Since many of microdevices as described above including a microfluid channel are based on a glass substrate, machining of a fine fluid channel can be laborious or difficult. For example, the machining requires micromachining technology, such as machining a glass substrate by etching. For this reason, microdevices are costly to manufacture, which leads to the need for an inexpensive machining method. Under the circumstances, there is devised formation of microdevices without micromachining technology, by employing printing using, e.g., glass paste, or lithography technology (see Japanese Patent Application Laid-Open No. 2003-202678).
If a device, including a structure (first structure) which includes metal layers and a structure (second structure) made of a material (e.g., glass frit or glass paste) requiring a firing process at the time of formation, such as a microfluidic device, is fabricated by glass paste printing, lithography technology, or the like, the entire device is subjected to a high temperature at the time of firing of the second structure. At this time, according to the findings of the present inventors, since the first structure is also brought to a temperature close to the high temperature, materials for the metal layers of the first structure interdiffuse due to heat of the firing, and the electric resistance value of a part of the device may unintentionally vary.
For example, in the case of a microfluid channel, the electric resistance value between a heater (made of, e.g., Pt) constituting a first structure and an extraction electrode (made of, e.g., Au) may vary, and the amount of the variation depends on the connection status (e.g., area and thickness) between the components. Consequently, if the interdiffusion occurs, the variability of the electric resistance value increases. If a heat treatment process is repeated a plurality of times, the status of interdiffusion changes with each iteration, and the variability increases further. It is difficult to control the amount of variation in electric resistance value by a process, which therefore creates a need to correct a driving condition for each of heaters on a device. In order to obtain correction values, the electric resistance values of the heaters need to be individually measured. This is so laborious and it reduces operating efficiency.
There is also available a process of inserting an intermediate layer which inhibits diffusion between two components, as disclosed in Japanese Patent Application Laid-Open No.
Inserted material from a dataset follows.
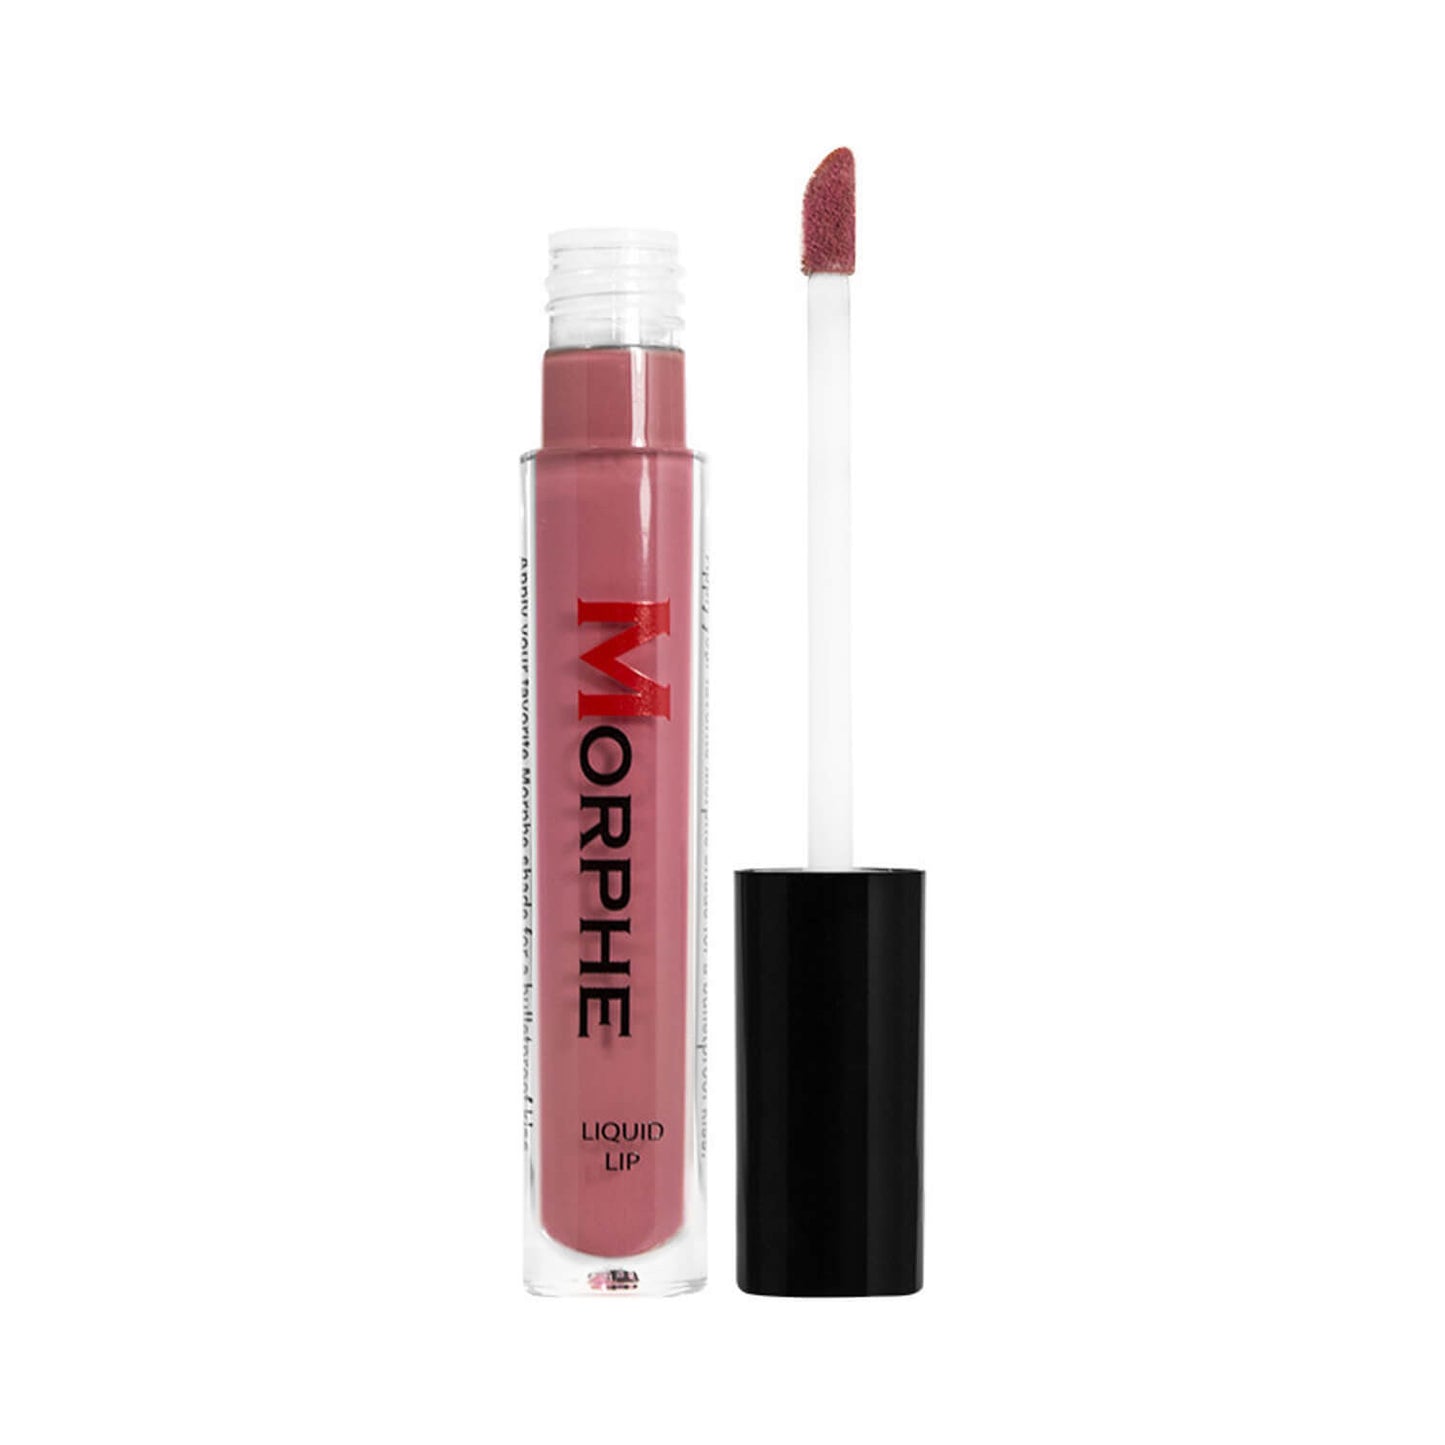 Morphe Cosmetics Liquid Lipstick Vanity
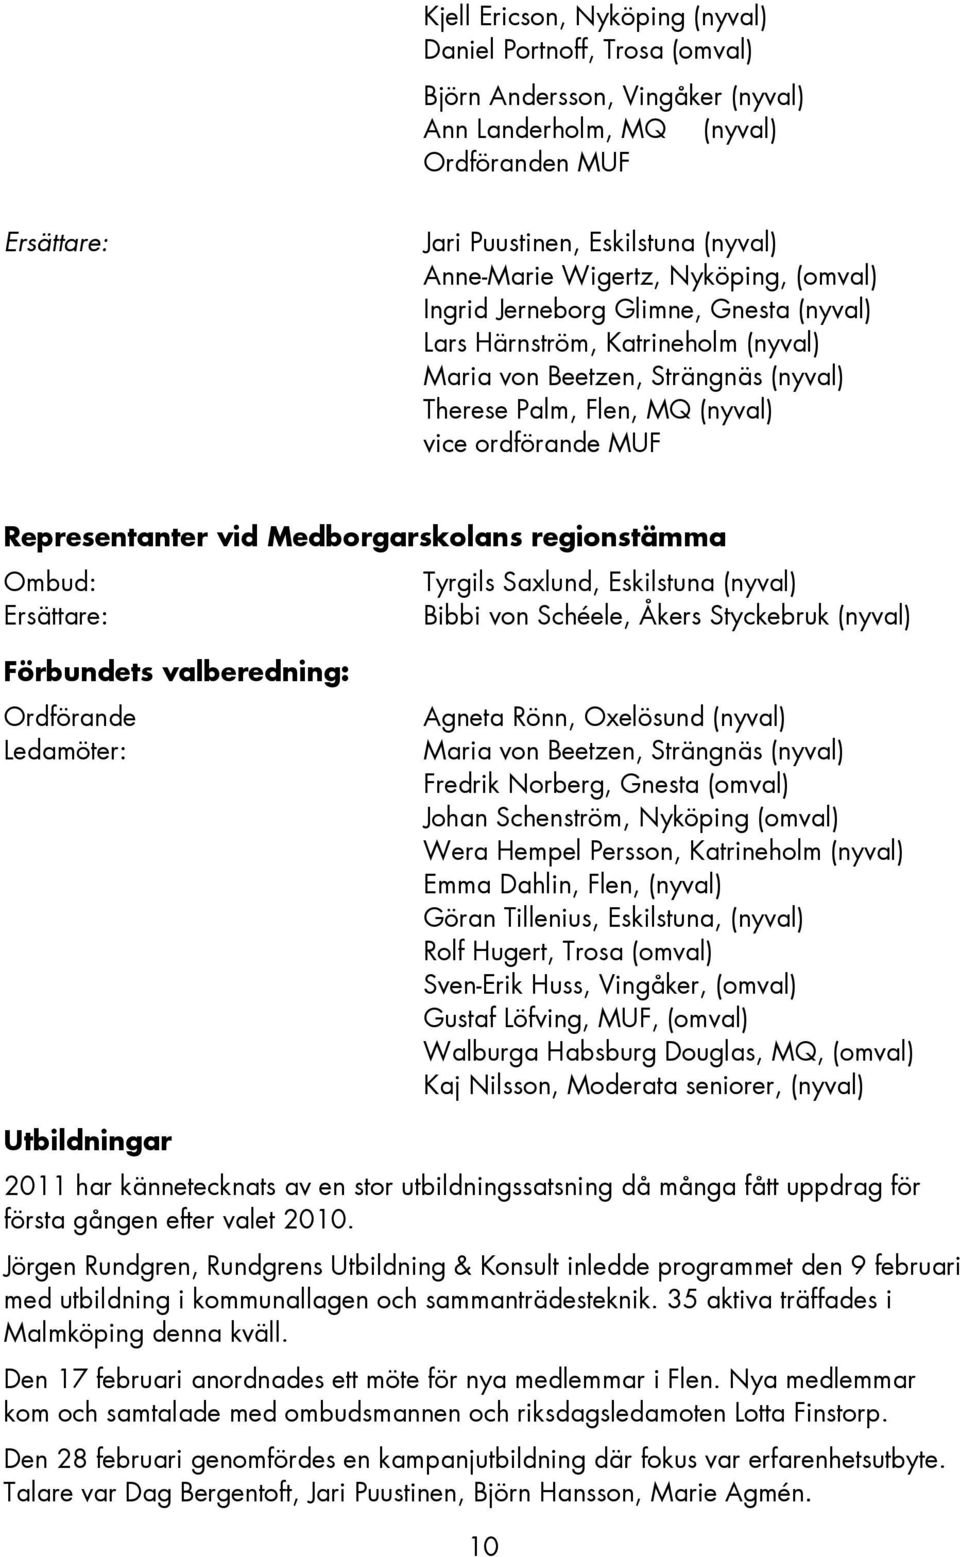 Representanter vid Medborgarskolans regionstämma Ombud: Tyrgils Saxlund, Eskilstuna (nyval) Ersättare: Bibbi von Schéele, Åkers Styckebruk (nyval) Förbundets valberedning: Ordförande Ledamöter:

H09-162513. However, if high-temperature heat treatment, such as firing of glass frit or glass paste, is performed, a material for the intermediate layer may diffuse.
There is further available a process of inserting a layer of an intermetallic compound having a high melting point as an intermediate layer, like the method disclosed in Japanese Patent Application Laid-Open No. H11-186263. The intermetallic compound itself, however, also diffuses at a heat-treatment temperature at which glass frit or glass paste is fired.